Charleston Post and Courier
May 6, 2014
By David Slade
The National Climate Assessment: ncadac.globalchange.gov
The National Climate Assessment says that in addition to warmer average temperatures and rising sea levels, climate change means that unusual and extreme weather patterns are expected to become more frequent.
That doesn’t mean specific weather events, such as the unusual ice storms that twice closed the Ravenel Bridge between Charleston and Mount Pleasant this winter, are due to climate change. But it does mean that unusually or extreme weather events in general could become more frequent.
White House science adviser John Holdren called the report released Tuesday “the loudest and clearest alarm bell to date signaling the need to take urgent action.” Later this summer, the Obama administration plans to propose new and controversial regulations restricting gases that come from existing coal-fired power plants, following a Supreme Court victory on the issue in late April.
Some South Carolina residents could see higher utility bills as a result, the utility SCE&G said in its parent company SCANA’s 2013 annual report. The report said that complying with new requirements to reduce greenhouse gas emissions “may impose significant costs on us, and the resulting price increases to our customers may lower customer consumption.”
Emily Brady, a public affairs officer for SCANA, said Tuesday that SCE&G expects to greatly reduce its fossil fuel emissions through the use of more nuclear power.
“With the addition of two new nuclear units, SCE&G is on track to lower carbon emissions by approximately 59 percent from 2005,” she said.
Senate Republican leader Mitch McConnell of Kentucky said President Barack Obama was likely to “use the platform to renew his call for a national energy tax. And I’m sure he’ll get loud cheers from liberal elites – from the kind of people who leave a giant carbon footprint and then lecture everybody else about low-flow toilets.”
Some current and former Republican lawmakers from South Carolina say that climate change does pose a threat, but that more regulations aren’t the solution.
“The assessment that came out today is another reminder that climate change is going to present real challenges for the Lowcountry, and the nation as a whole,” said U.S. Rep. Mark Sanford, South Carolina’s former governor. “I’ve watched rising sea levels play out at our family farm in Beaufort over the last 50 years, and I think others in our area could also point to impacts they’ve seen.
“As Congress confronts these challenges, I think we should be searching for solutions that embrace free market principles, rather than increasing already burdensome government regulations,” he said.
Bob Inglis was a Republican congressman representing the Greenville and Spartanburg area until 2011, when he lost re-election largely because he called for action on climate change. Now, he runs Energy and Enterprise Initiative, which aims to convince young conservatives to support a tax on fossil fuels that would be offset by reductions in other federal taxes.
“It’s so consistent with what we conservatives believe,” Inglis said. “We don’t want the federal government putting their thumb on the scale, for one fuel or another.”

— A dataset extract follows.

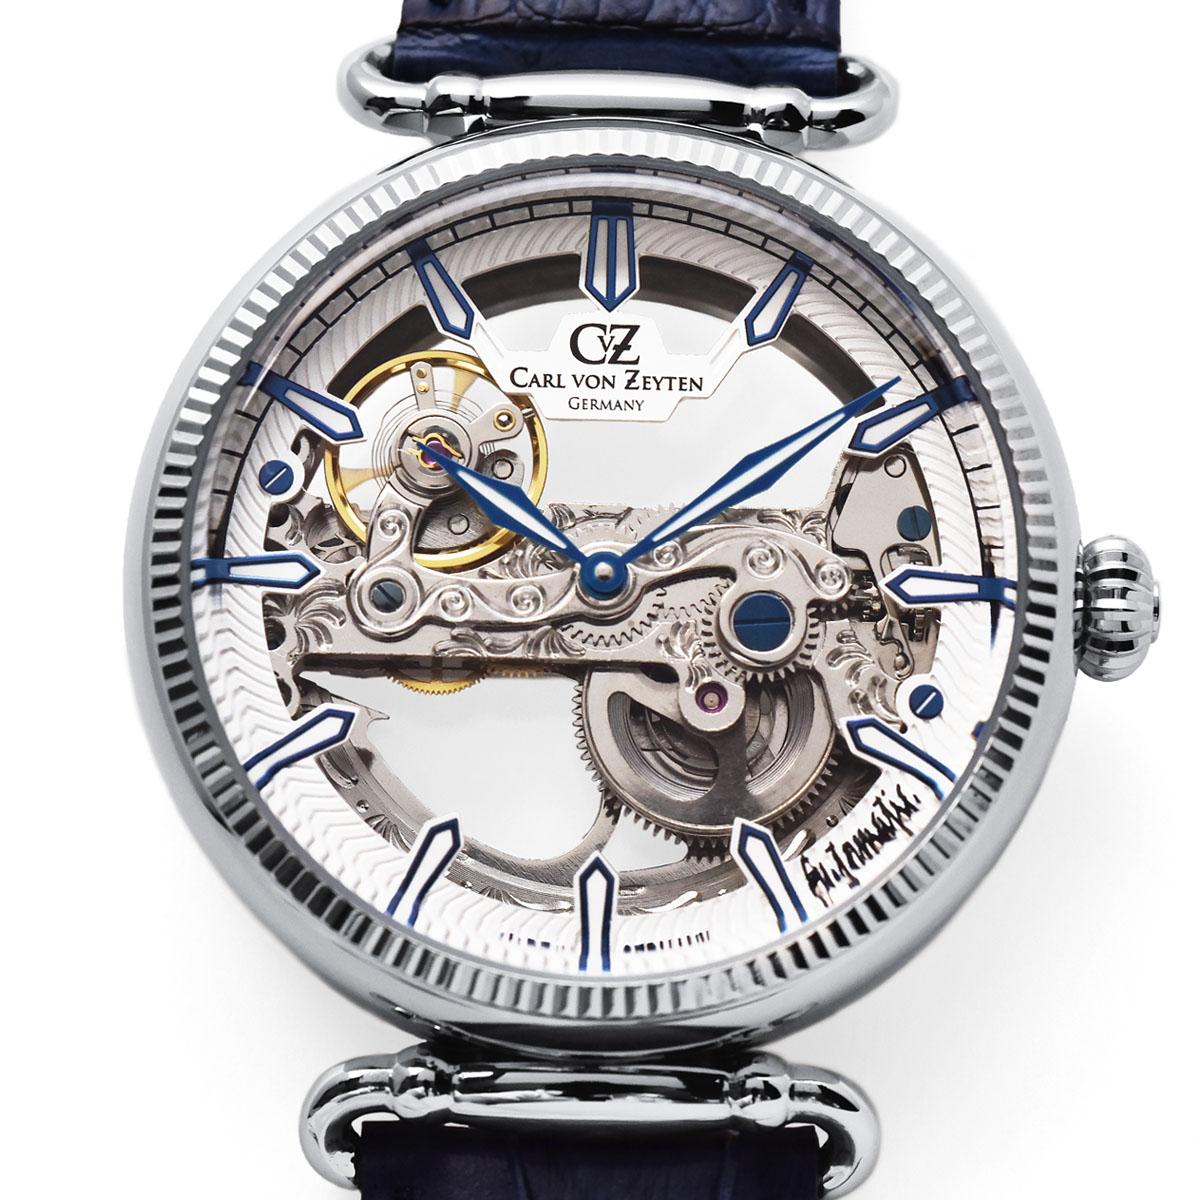 Carl von Zeyten カール・フォン・ツォイテン ELZACH エルツァッハ 自動巻き(手巻き機能あり) 腕時計 [CvZ0031WH] 正規代理店品

He said the current system, with subsidies for some fuel sources and no tax on emissions produced by fuels, is “socializing a lot of soot and allowing emitters to evade accountability.”
A political climate change
South Carolina is deep red, politically, and few state and federal lawmakers have shown interest in climate change. Inglis’ organization is doing most of its outreach work in other states, as a result, though he works out of his home in Traveler’s Rest.
Inglis predicted that if South Carolina residents eventually push for action on climate change, that push will come from the coast, where rising sea levels and stronger hurricanes are a big concern.
At the The South Carolina Sea Grant Consortium, Liz Fly, coastal climate extension specialist, said they are focusing on working with local communities to discuss how to prepare for the expected changes.
“The release of this (study) is providing us with the opportunity to continue the conversation at the local level on resiliency and adaptation,” she said.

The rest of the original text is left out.